Capital Gold Corporation Urges Its Stockholders ..
posted on
Mar 26, 2011 04:03PM
We expect to produce approximately 65,000 to 70,000 ounces of gold in fiscal year 2011. Sonora, Mexico
The CGC board of directors strongly recommends stockholders review the facts outlined below and vote today FOR the Gammon merger proposal.
THE GAMMON OFFER PROVIDES A SUBSTANTIAL PREMIUM TO CGC STOCKHOLDERS
Based on current trading levels, the Gammon merger has a value of $6.34 per share of CGC, delivering a premium of 67% to the trading price of CGC's common stock on September 24, 2010
THE GAMMON OFFER DELIVERS IMMEDIATE VALUE TO CGC STOCKHOLDERS
Gammon has received all of the required regulatory approvals. The support of CGC stockholders is the only remaining approval needed. Gammon has the cash available to consummate the transaction and pay stockholders promptly after the merger closes.
THE GAMMON OFFER HAS RECEIVED THE SUPPORT OF BOTH INDEPENDENT PROXY ADVISORS
ISS Proxy Advisory Services and Glass Lewis & Co., the two leading independent proxy research and advisory firms, have both published reports recommending that Capital Gold's stockholders vote "FOR" the merger with Gammon Gold.
THE GAMMON MERGER PROVIDES CGC STOCKHOLDERS WITH VALUE AND TIME-CERTAINTY
The CGC board urges stockholders to not miss this opportunity to receive maximum value for their CGC shares.

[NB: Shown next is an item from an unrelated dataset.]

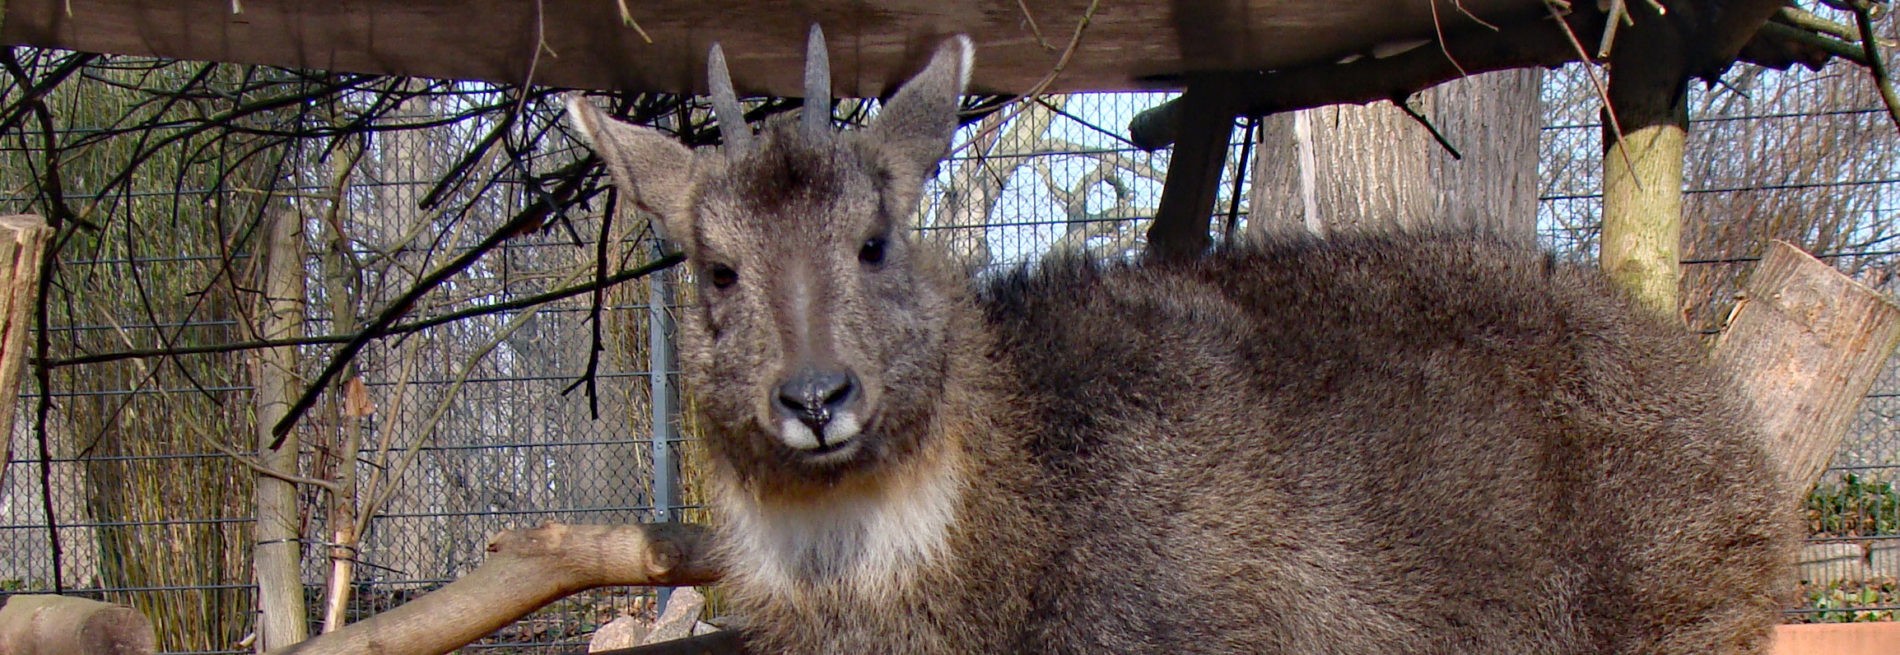 Chinese goral

VOTE TODAY FOR THE GAMMON TRANSACTION
The reconvened special meeting of stockholders will be held on April 1, 2011, but stockholders can vote today by following the instructions on their proxy card to submit their proxy via the Internet or by telephone. If they have Internet access, CGC encourages stockholders to record their vote via the Internet. If stockholders have any questions or need assistance voting their shares, please contact MacKenzie Partners, Inc., CGC's proxy solicitor, at (800) 322-2885 or (212) 929-5500 (call collect) or at proxy@mackenziepartners.com.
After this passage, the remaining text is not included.